The algorithm to model and predict a classifier'south performance contains iii steps:

1) Learning curve creation;

2) Model fitting;

3) Sample size prediction;

Learning curve creation

Assuming the target performance measure is classification, a learning curve that characterizes classification accuracy (Y_acc), as a function of the training set size (Ten) is created. To obtain the data points (x_j, y_j), classifiers are created and tested at increasing grooming set up sizes x_j . With a batch size 1000, x _j = 1000·j, j = 1, 2,...,k, i.due east. ${\vec{10}}_{j} = {k, two k, three one thousand, . . ., k \cdot m}$ . Nomenclature accuracy points (y_j), i.due east. the proportion of correctly classified samples, tin be calculated at each preparation sample sizex_j using an independent test set or through n-fold cantankerous validation.
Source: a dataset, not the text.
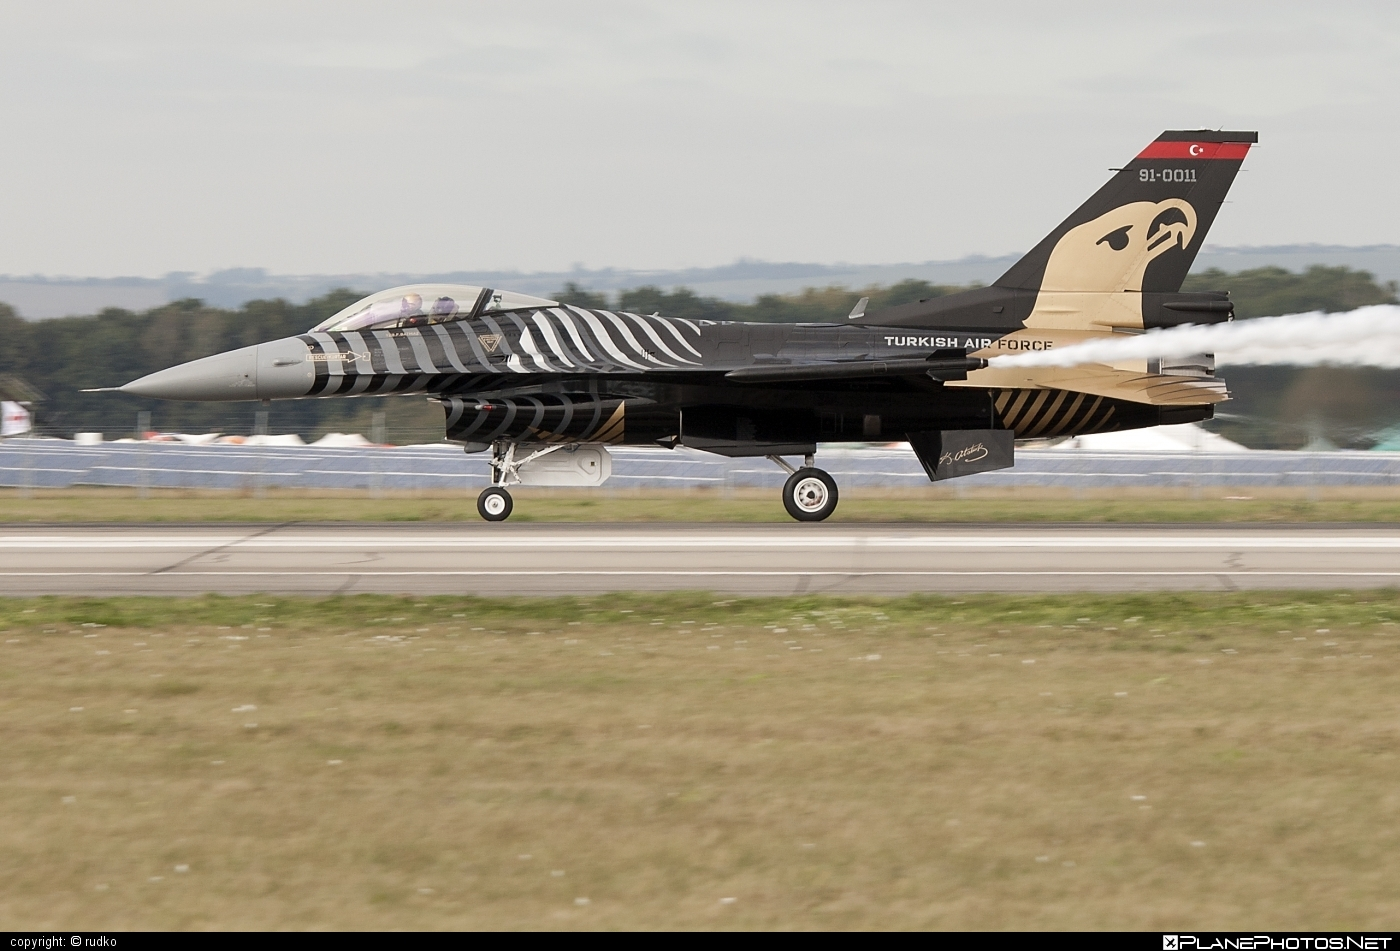 General Dynamics F-16C Fighting Falcon - 91-0011 operated by Türk Hava Kuvvetleri (Turkish Air Force) #f16 #f16c #fightingfalcon #generaldynamics #natodays #natodays2012 #turkishairforce

Model plumbing fixtures and parameter identification

Learning curves can generally be represented using changed power law functions [1,27,37,38]. Equation (i) describes the classifier'due south accurateness (Y_acc) equally function of the training sample size × with the parameters a, b, and c representing the minimum doable fault, learning charge per unit and decay charge per unit respectively. The values of the parameters are expected to differ depending on the dataset, sampling method and the classification algorithm. Still, values for parameter c are expected to be negative within the range [-one,0]; values for a are expected to be much smaller than i. The values of Y_accfall between 0 and 1. Y_accgrows asymptotically to the maximum achievable operation, in this case (1-a).

Y _{a c c}(x) =f(Ten;a,b,c) = (i -a) -b ⋅10 ^c

(1)

Permit us ascertain the prepare Ωas the collection of information points on an empirical learning corresponding to (X,Y _{a c c _X}). Ω can be partitioned into two sub-sets: Ω _t to fit the model, and Ω _t to validate the fitted model. Delight note that in existent life applications only Ω _t will be available. For case, at sample size x_sΩ _t = {(tenj, y_j )| x_j ≤ x_s } and Ω _v = {(xj, y_j )| x_j >x_s }.

UsingΩ _t , nosotros applied nonlinear weighted least squares optimization together with the nl2sol routine from Port Library[39] to fit the mathematical model from Eq(i) and find the parameter vector $\vec{β}$ = {a, b, c}.

Nosotros also assigned weights to the data points inΩ _t . As described earlier, information points on the learning curve associates with sample sizes; we postulated that the classifier operation at a larger training sample size is more indicative of the classifier'due south future performance. To business relationship for this, a data indicate (ten_j, y_j )∈Ω _t is assigned the normalized weight j/grand where m is the cardinality of Ω.

Performance prediction

In this footstep, the mathematical model (Eq.(1)) together with the estimated parameters {a, b, c} are applied to unseen sample sizes and the resulting prediction is compared with the data points in Ω _five . In other words, the fitted curve is used to extrapolate the classifier'south performance at larger sample sizes. Additionally, the 95% confidence interval of the estimated accuracyŷ _s is also calculated past using Hessian matrix and the 2d-order derivatives on the office describing the curve. See appendix1 (additional file 1) for more details on the implementation of the methods.

Evaluation

Datasets

We evaluated our algorithm using 3 sets of data. In the first ii sets (D1 and D2), observations are smoking-related sentences from a set of patient discharge summaries from the Partners Health Care'south enquiry patient data repository (RPDR). Each observation was manually annotated with smoking status. D1 contains vii,016 sentences and 350 word features to distinguish between smokers (5,333 sentences) and non smokers (1,683 sentences). D2 contains 8,449 sentences, 350 word features to discriminate between past smokers (v,109 sentences) and current smokers (3,340 sentences).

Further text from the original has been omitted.